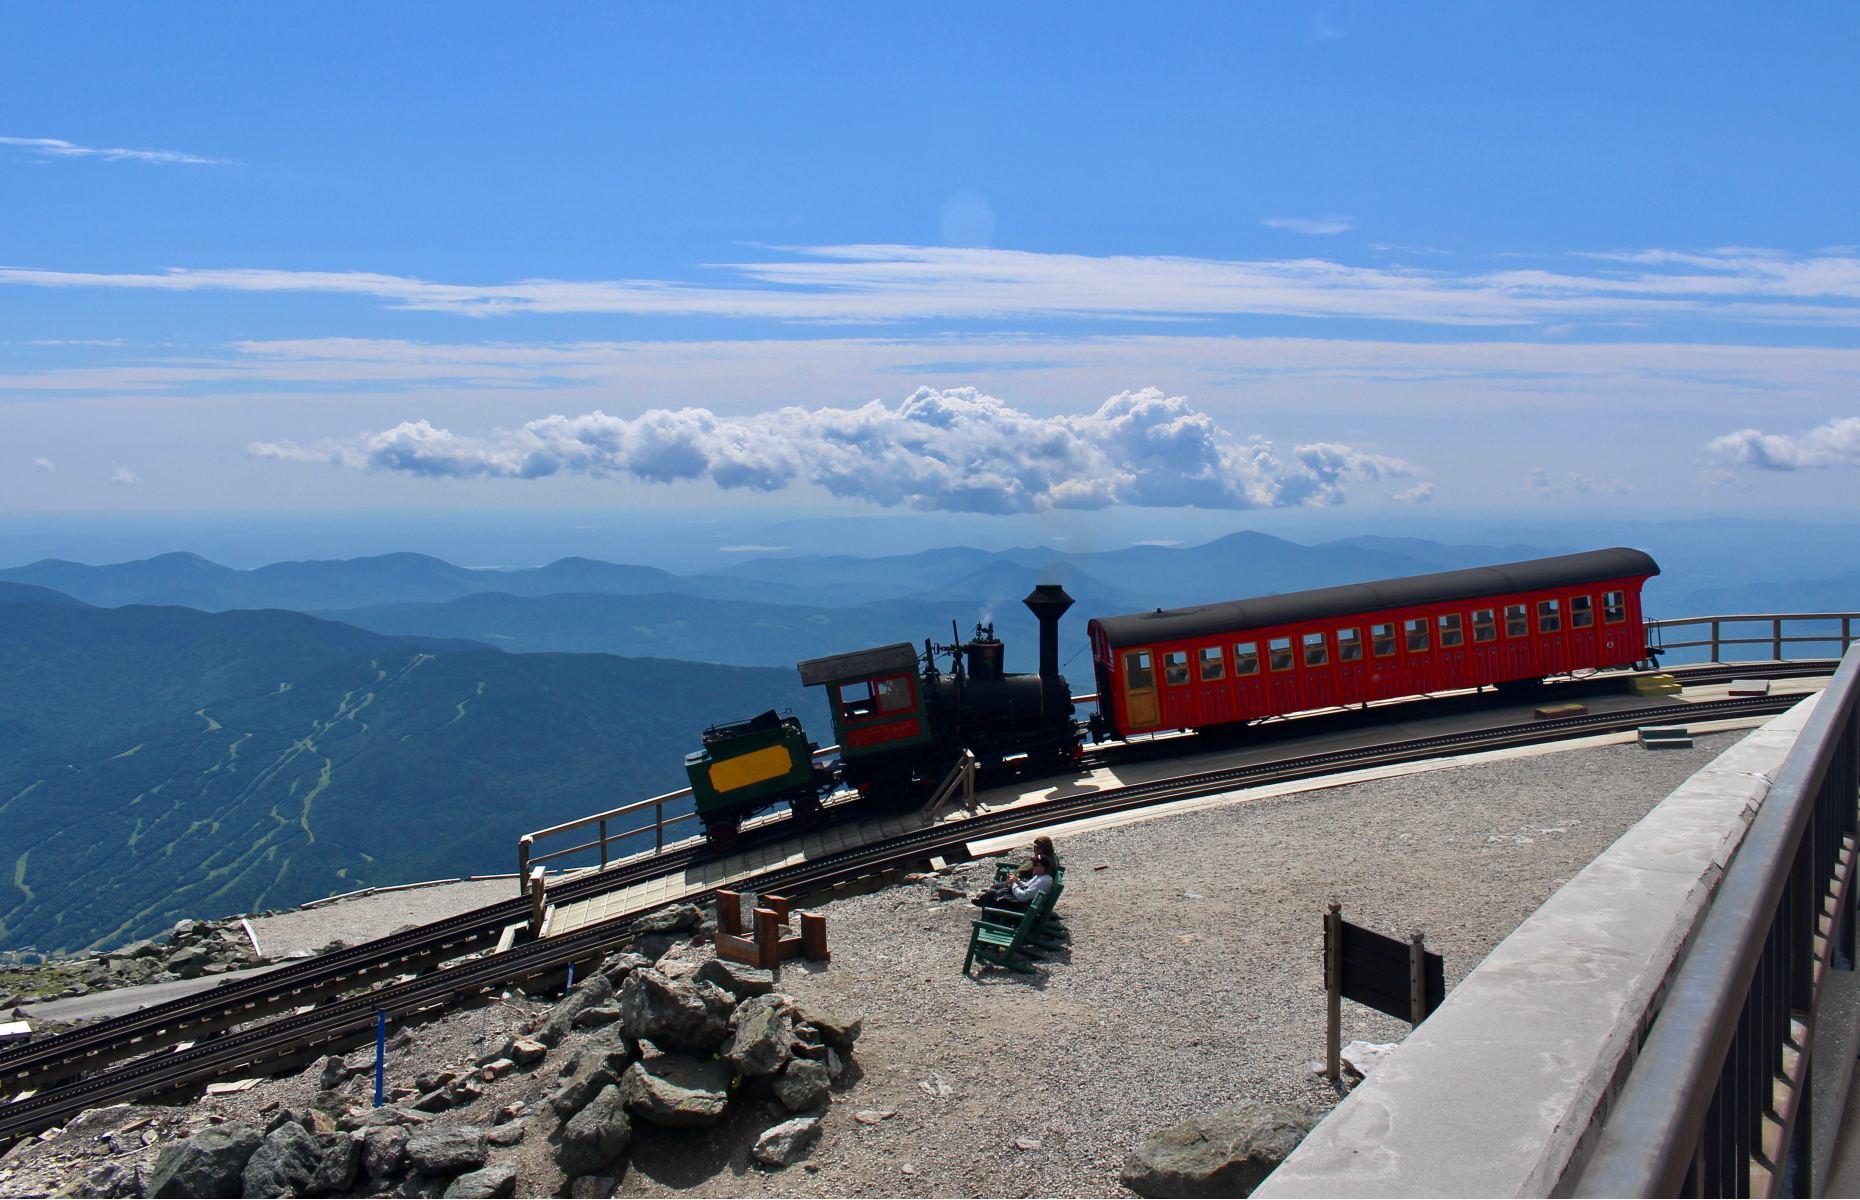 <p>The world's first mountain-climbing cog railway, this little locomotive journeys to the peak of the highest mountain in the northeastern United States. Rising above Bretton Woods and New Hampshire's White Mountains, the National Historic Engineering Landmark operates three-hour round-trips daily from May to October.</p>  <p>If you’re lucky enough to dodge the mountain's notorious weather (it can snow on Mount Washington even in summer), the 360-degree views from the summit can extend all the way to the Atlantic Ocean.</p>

...

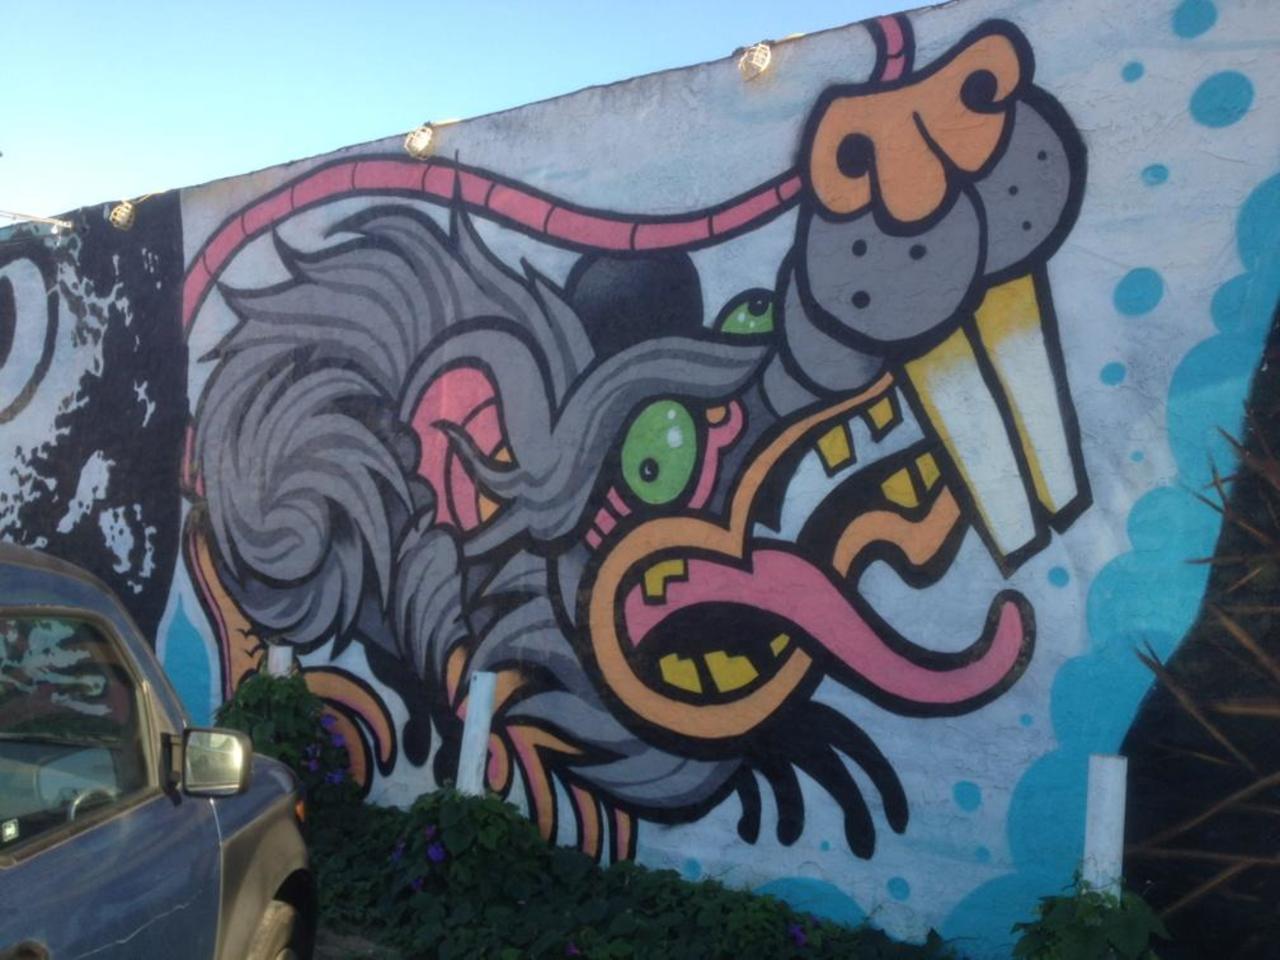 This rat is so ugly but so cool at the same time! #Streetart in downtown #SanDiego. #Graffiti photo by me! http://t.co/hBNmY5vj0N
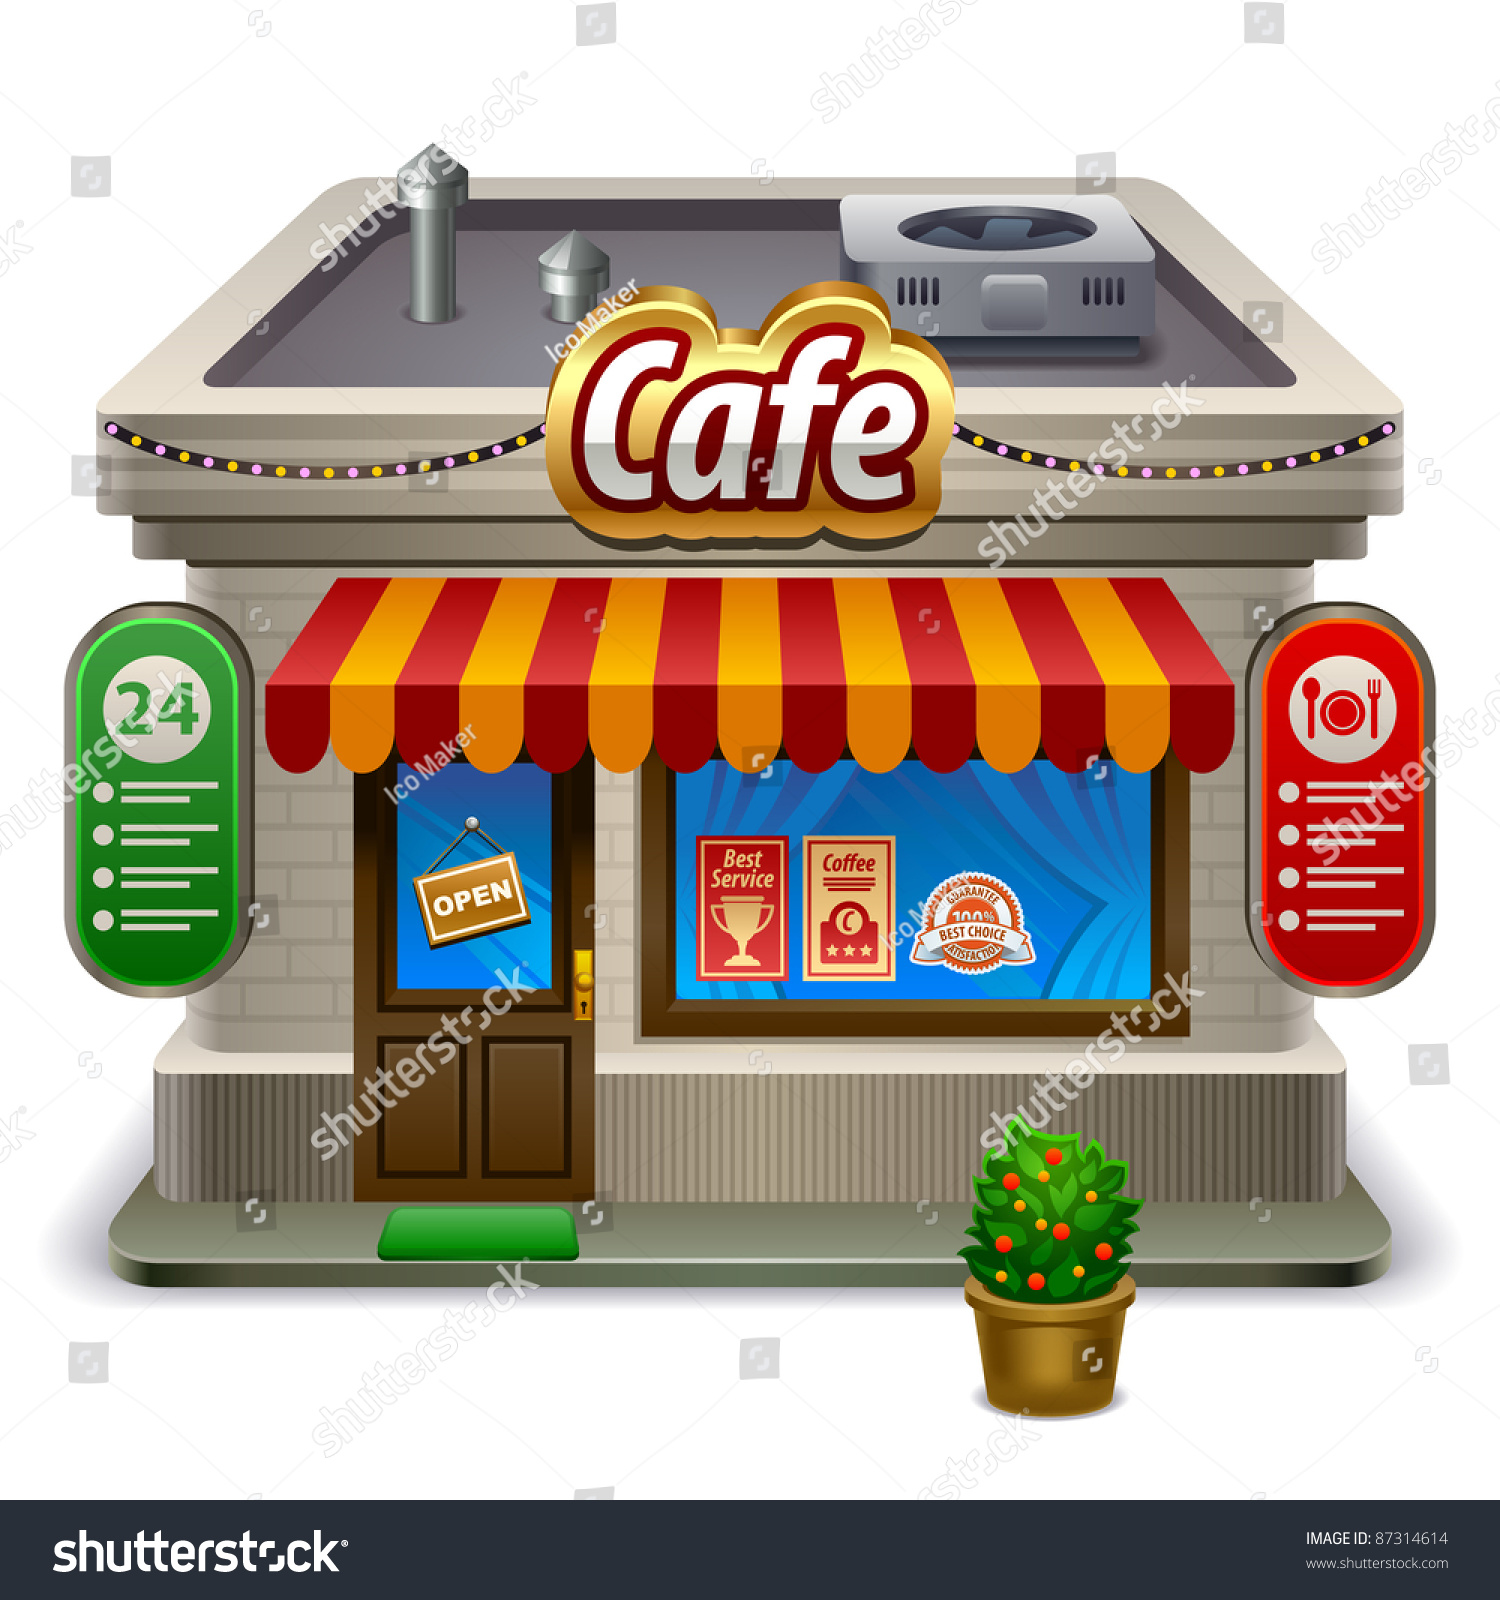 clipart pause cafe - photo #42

### Aim of the exercise
Above are the records; copy from them only the lines starting at the one containing "This rat is" and ending at the one containing "clipart pause cafe - photo #42", exactly and without pictures.

### Result of this task
 This rat is so ugly but so cool at the same time! #Streetart in downtown #SanDiego. #Graffiti photo by me! http://t.co/hBNmY5vj0N
 clipart pause cafe - photo #42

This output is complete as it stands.